Updated 28 Aug, 2017 10:26am

Despite violence in Myanmar, Bangladesh sends back 90 Rohingya Muslims

COX’S BAZAAR: Bangladesh has detained and forcibly returned 90 Rohingya migrants to Myanmar, police said on Sunday, just hours after Myanmar’s troops on the other side of the border had opened fire on people fleeing the country.

Police intercepted a group of 70 Rohingya Muslims late on Saturday after they crossed the “zero line” border zone, where Myanmar soldiers earlier fired mortars and machine guns at villagers making the dangerous dash from the northern state of Rakhine into Bangladesh.

The villagers were caught roughly four kilometres inside Bangladeshi territory en route to a refugee camp in Kutupalong, where thousands of Rohingya live in squalid conditions, said local police chief Abul Khaer.
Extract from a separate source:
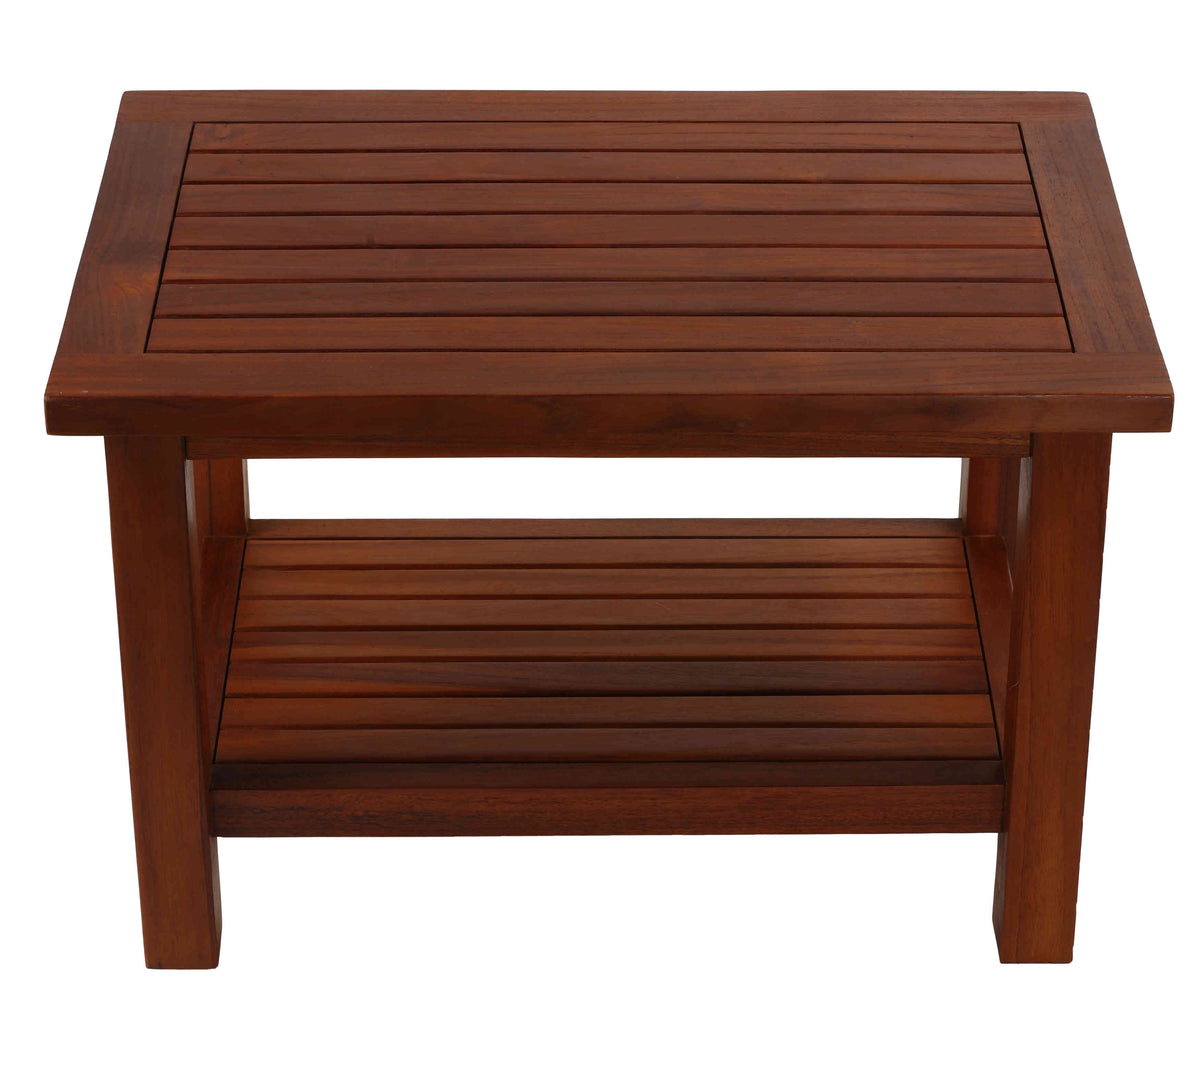 Bare Decor Fieta Solid Teak Wood Coffee End Table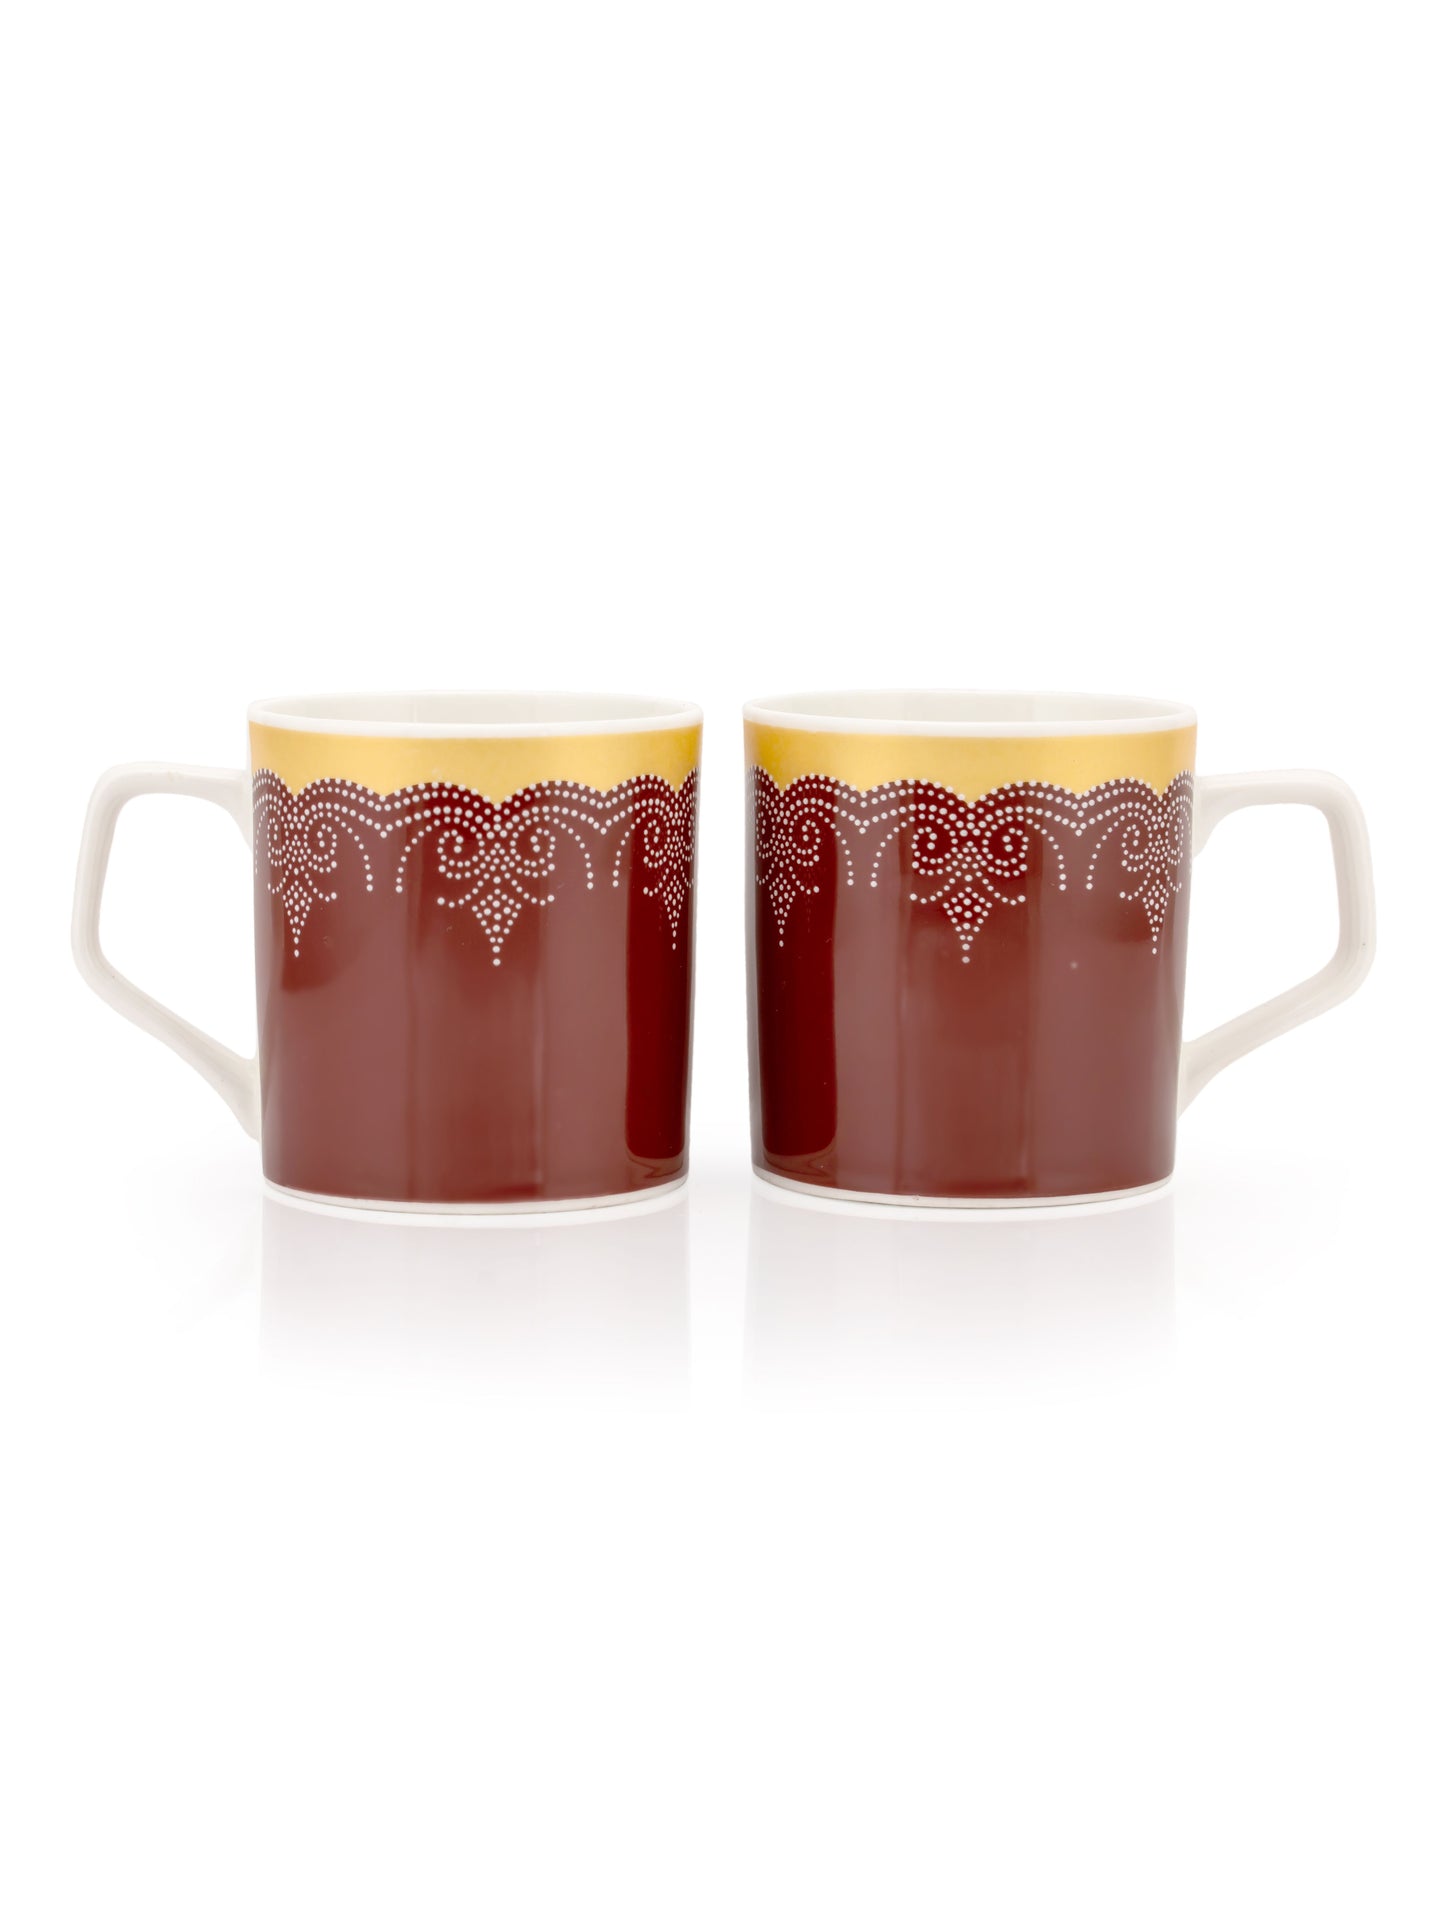 JCPL Director Hilton Coffee & Tea Mug Set of 6 (R302)

Police said some of those detained had entered Bangladesh via the Ghumdhum border area — where the Myanmar forces had unleashed a barrage of fire just hours earlier.

An untold number of people are stranded along border

“They were pleading with us not to send them back to Myanmar,” said a policeman on condition of anonymity.

Another 20 Rohingya were caught on Sunday and sent back after crossing the Naf river, a natural border between Myanmar and Bangladesh, according to Ariful Islam, a commander with Border Guard Bangladesh (BGB).

Border officer Manzurul Hassan Khan said that fresh gunfire could be heard across the border in Rakhine, a hotbed of religious hatred focused on the stateless Rohingya Muslim minority.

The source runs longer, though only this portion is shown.